NanoViricides (OTCBB:NNVC) shares shot up on Monday after it said it anticipates that the oral and injectable versions of its FluCide drug candidate would be effective against the new H7N9 strain of the flu that has caused a slew of deaths in China of late.
Shares of the biopharmaceutical company were lately up almost 7 per cent to 63 cents approaching market close, soaring to as high as 69 cents just after the news was released.
Both the injectable drug, for use in severely ill patients with the flu, and the oral version for less sick out-patients, bear a "virus-binding ligand" that mimics sialic acid, the company told investors this afternoon.
This ligand is capable of substituting for both the mammalian form or the avian form, it added.
Since the novel H7N9 (2013) virus is transitioning from avian to human host, the dual biomimetic capability of our FluCide ligand should have a favorable impact," NanoViricides said in the release.

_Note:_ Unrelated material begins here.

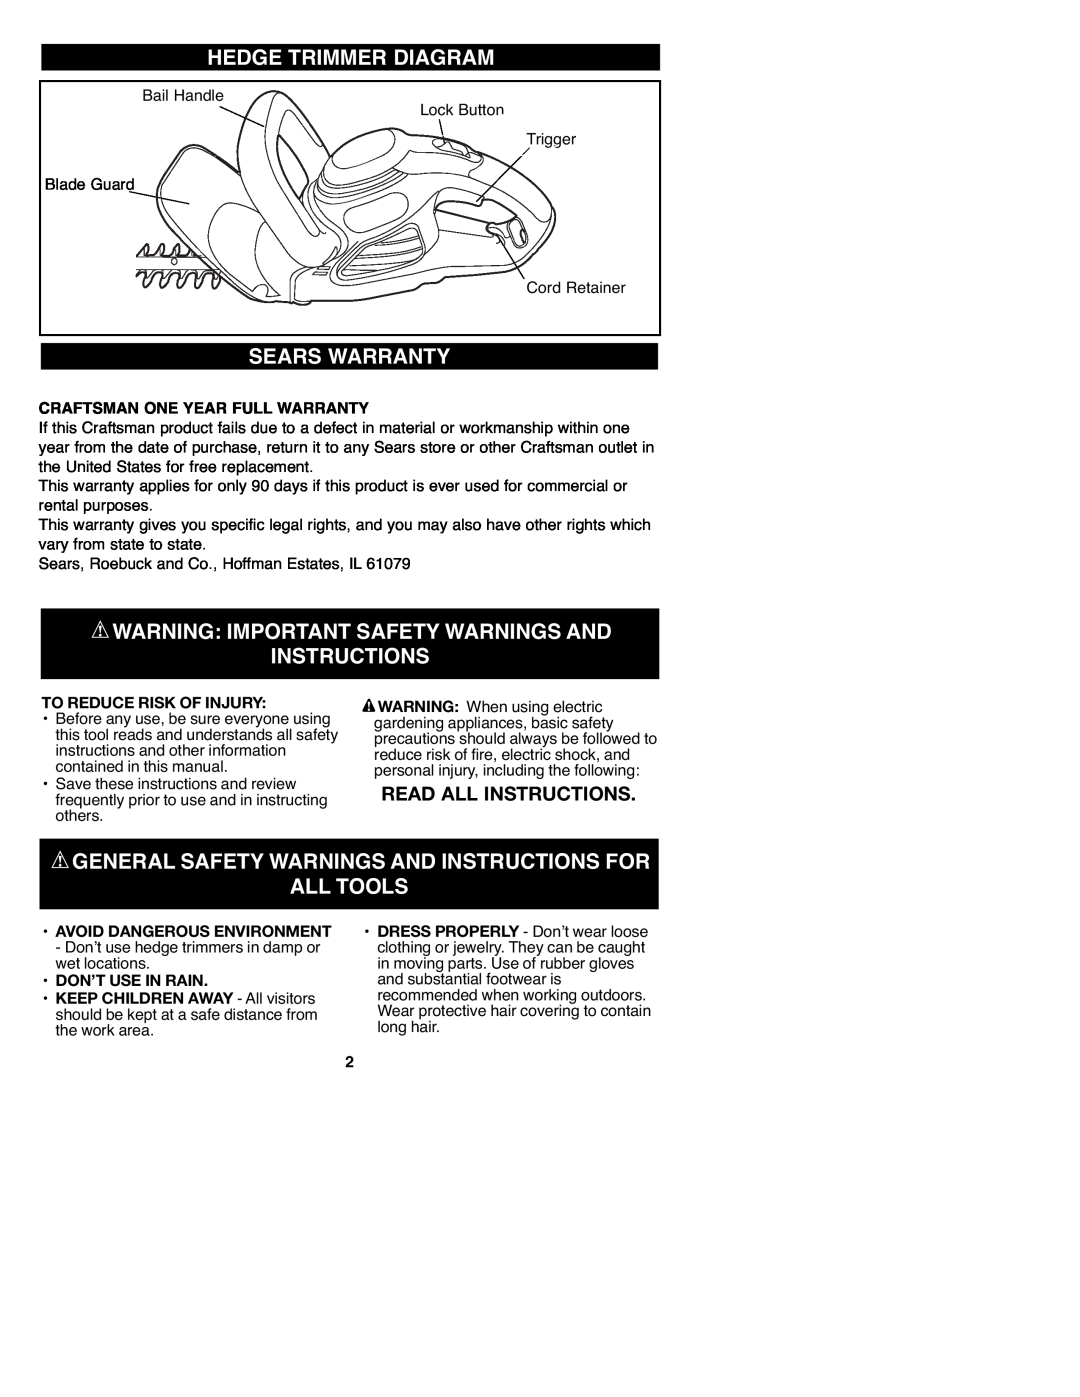 Craftsman 900 Hedge Trimmer Diagram, Sears Warranty, Warning: Important Safety Warnings And, Instructions, All Tools

The FluCide drugs are based on NanoViricides' biomimetic technology, which mimicks the natural sialic acid receptors for the influenza virus on the surface of a nanoviricide polymeric micelle. The company notes that all flu viruses bind to the sialic acid receptors, even if they rapidly mutate.
According to the company statement on Monday, the Center for Disease Control (CDC) and scientists from China and Japan have reported that based on the genetic structure of the new strain, this virus is likely to bind well with the mammalian form of sialic acid.
The virus is also said to be reported to bear other mutations that allow it to infect mammalian hosts effectively.
"Existing H7-vaccine viruses are not well matched to this novel H7N9 virus, and new vaccine development will take some time. This H7N9 is resistant to amantadine and rimantadine, as are most US and European Influenza A virus strains," the company noted.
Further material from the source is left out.